In May 2008 in the abortion amendments to the Human Fertilisation and Embryology Bill (now Act), Geoffrey Cox voted for the abortion time limit to be lowered to 16 weeks against scientific and medical consensus which is currently 24 weeks[1]. After four separate parliamentary votes on varying time limits, the majority of MPs voted to keep the abortion time limit at 24 weeks, in keeping with scientific and medical consensus, hence no abortion amendments were added to the bill.

Climate Change

In 2006, MPs were asked three questions by the Rough Guide's Mark Ellingham on how seriously they took climate change as politicians and as responsible, active citizens. Geoffrey Cox replied:

"I believe that climate change is one of the greatest problems facing us today. It is clear that we must take urgent action to reduce greenhouse gas emissions or the consequences for future generations are likely to be severe."[2]


In a press release on his website dated 15th February 2010, titled "Cox applauds Government climbdown on religious freedom"[3], Geoffrey Cox speaks favourably of the Labour Party's defeat[4] in trying to get the Equality Bill through Parliament with a measure that was designed to prevent religious organisations from discriminating on the basis of sexual orientation.

Same-Sex Marriage

In 2012 Mr Cox signed the Coalition for Marriage petition which stated:

"I support the legal definition of marriage which is the voluntary union for life of one man and one woman to the exclusion of all others. I oppose any attempt to redefine it."[5]

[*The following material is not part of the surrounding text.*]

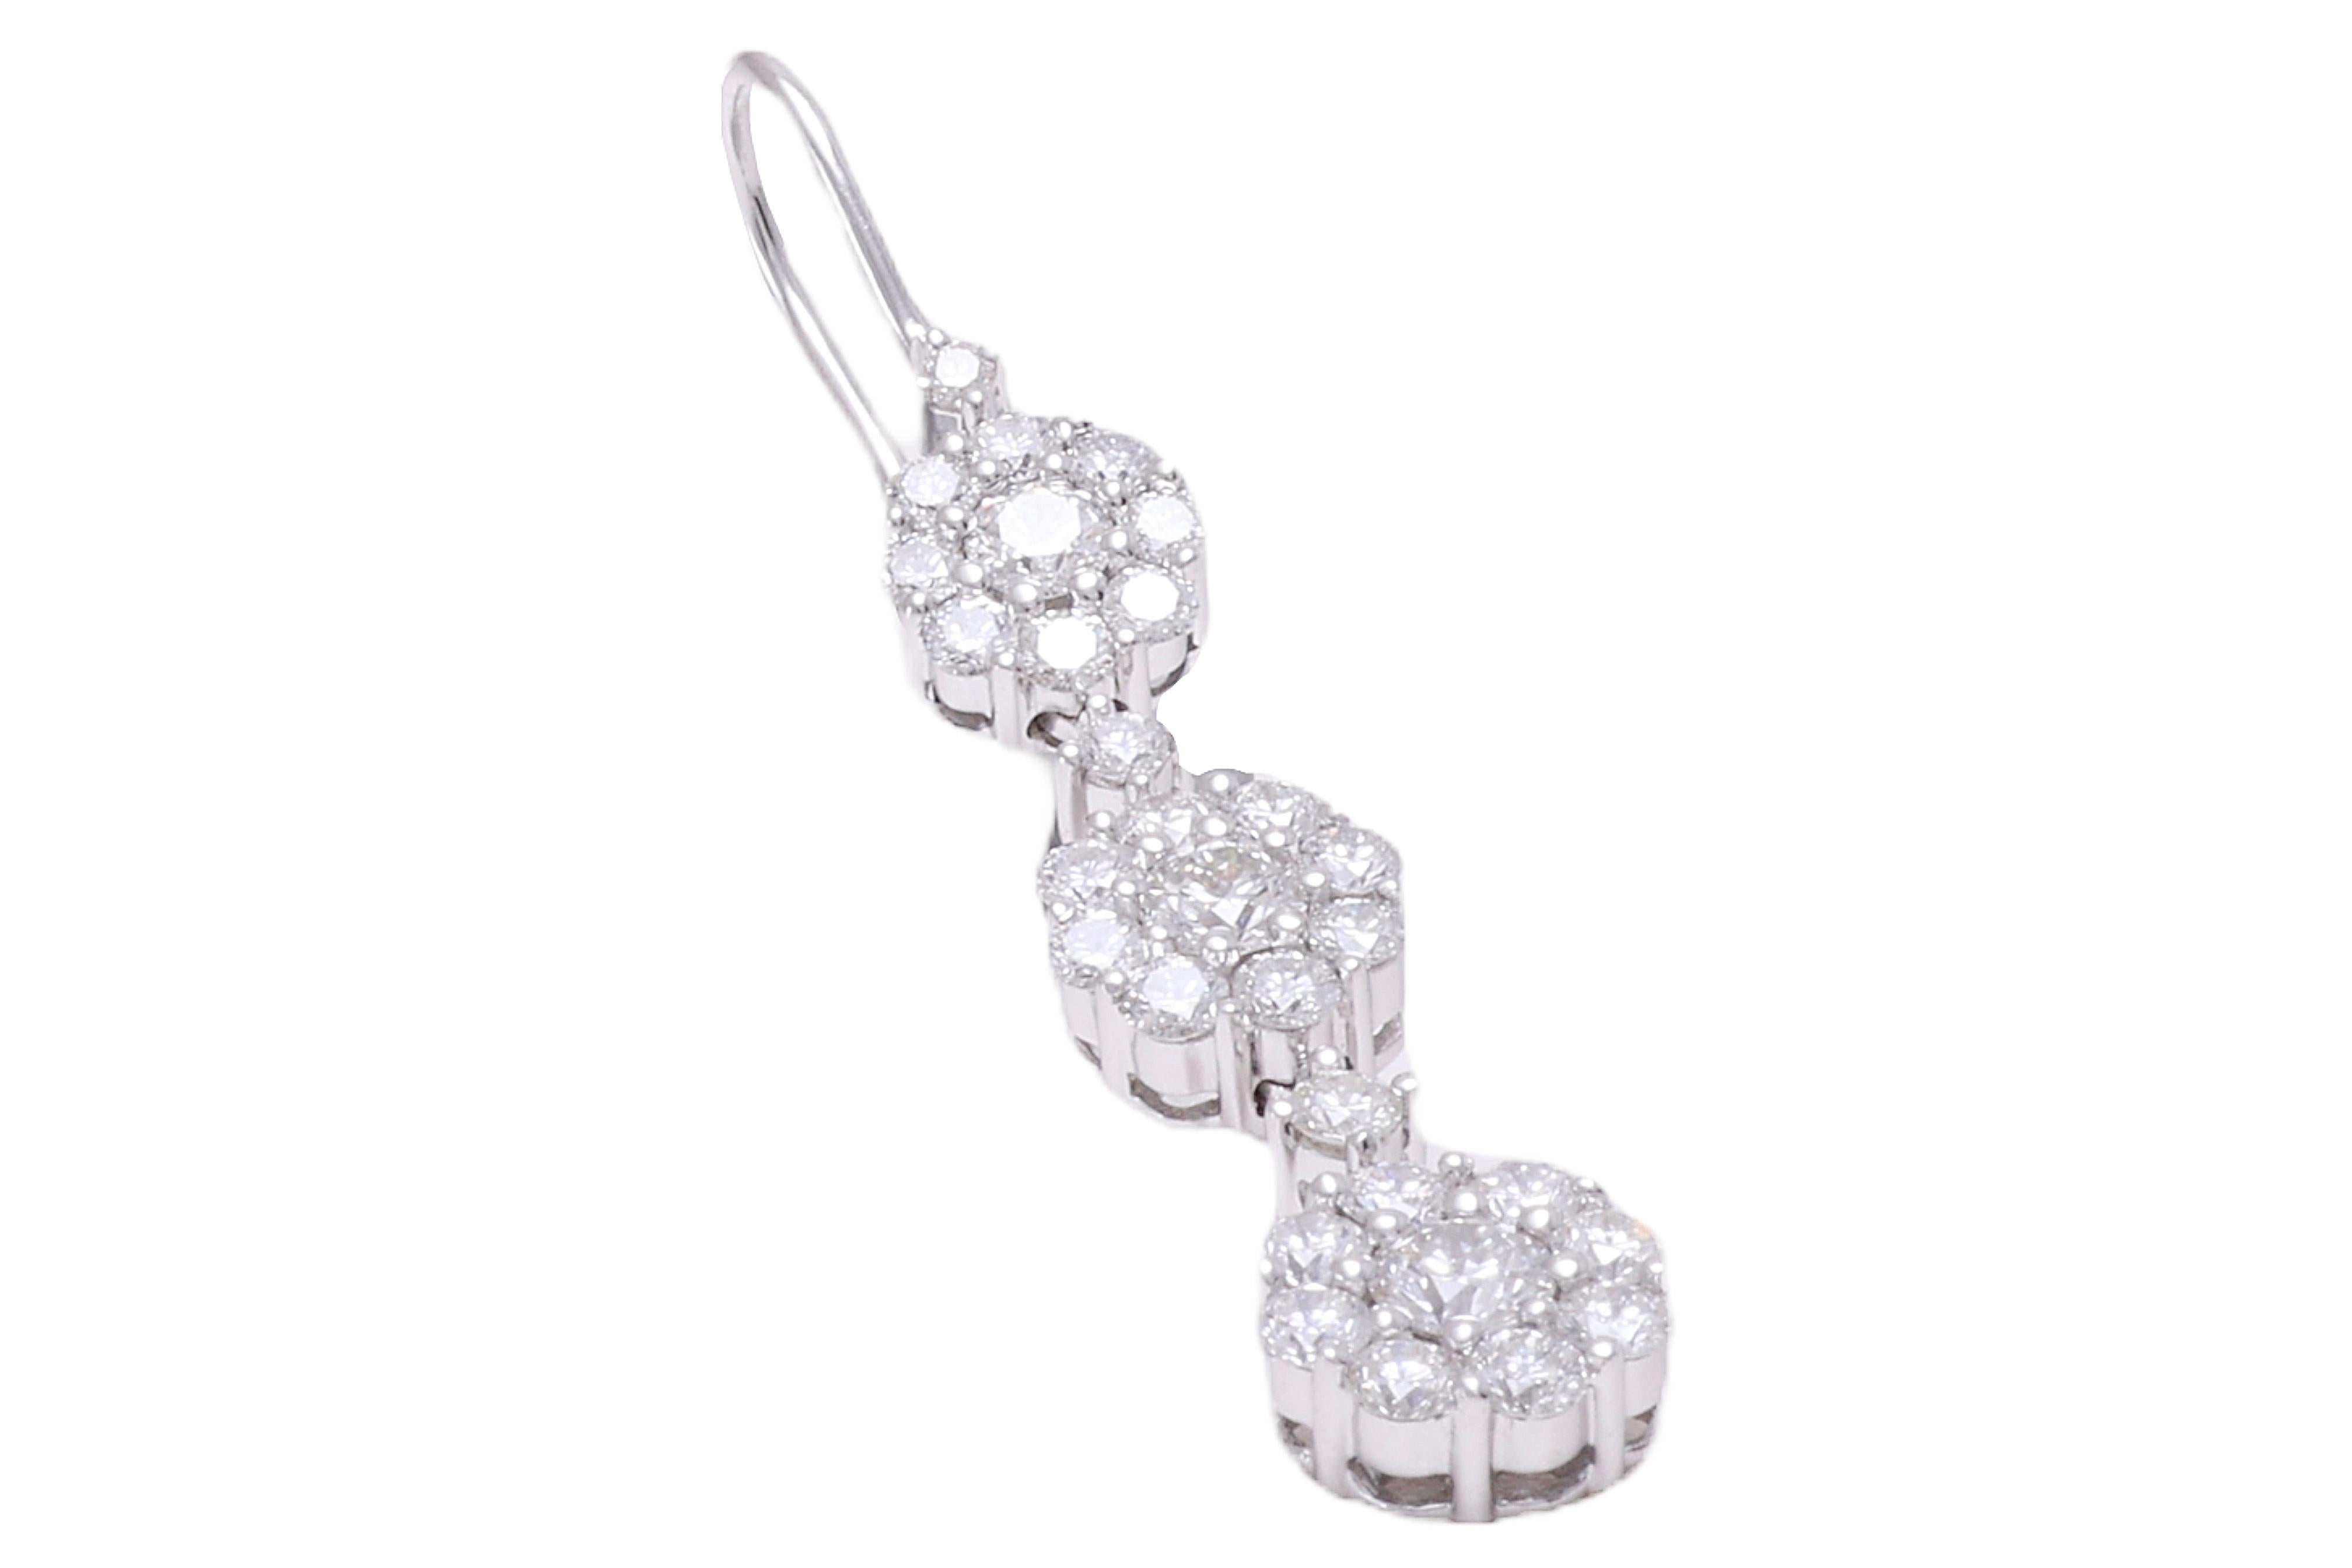 Brilliant Cut 18 kt. White Gold Flower Earrings With 2.66 ct. Diamonds For Sale

The Coalition for Marriage describes itself as "an umbrella group of individuals and organisations ... backed by politicians, lawyers, academics and religious leaders"[6]. They are supported by the Evangelical Alliance[7] and former Archbishop of Canterbury Lord Carey[8], and have connections with other Christian groups[9].

The group claims it "draws upon a substantial body of evidence". However, science and evidence-based politics blogger Martin Robbins described their argument as "confused, irrational and ultimately self-defeating"[10].

Mr Cox subsequently voted against the Marriage (Same Sex Couples) Bill at its second reading in February 2013[11] and its third reading in May 2013[12].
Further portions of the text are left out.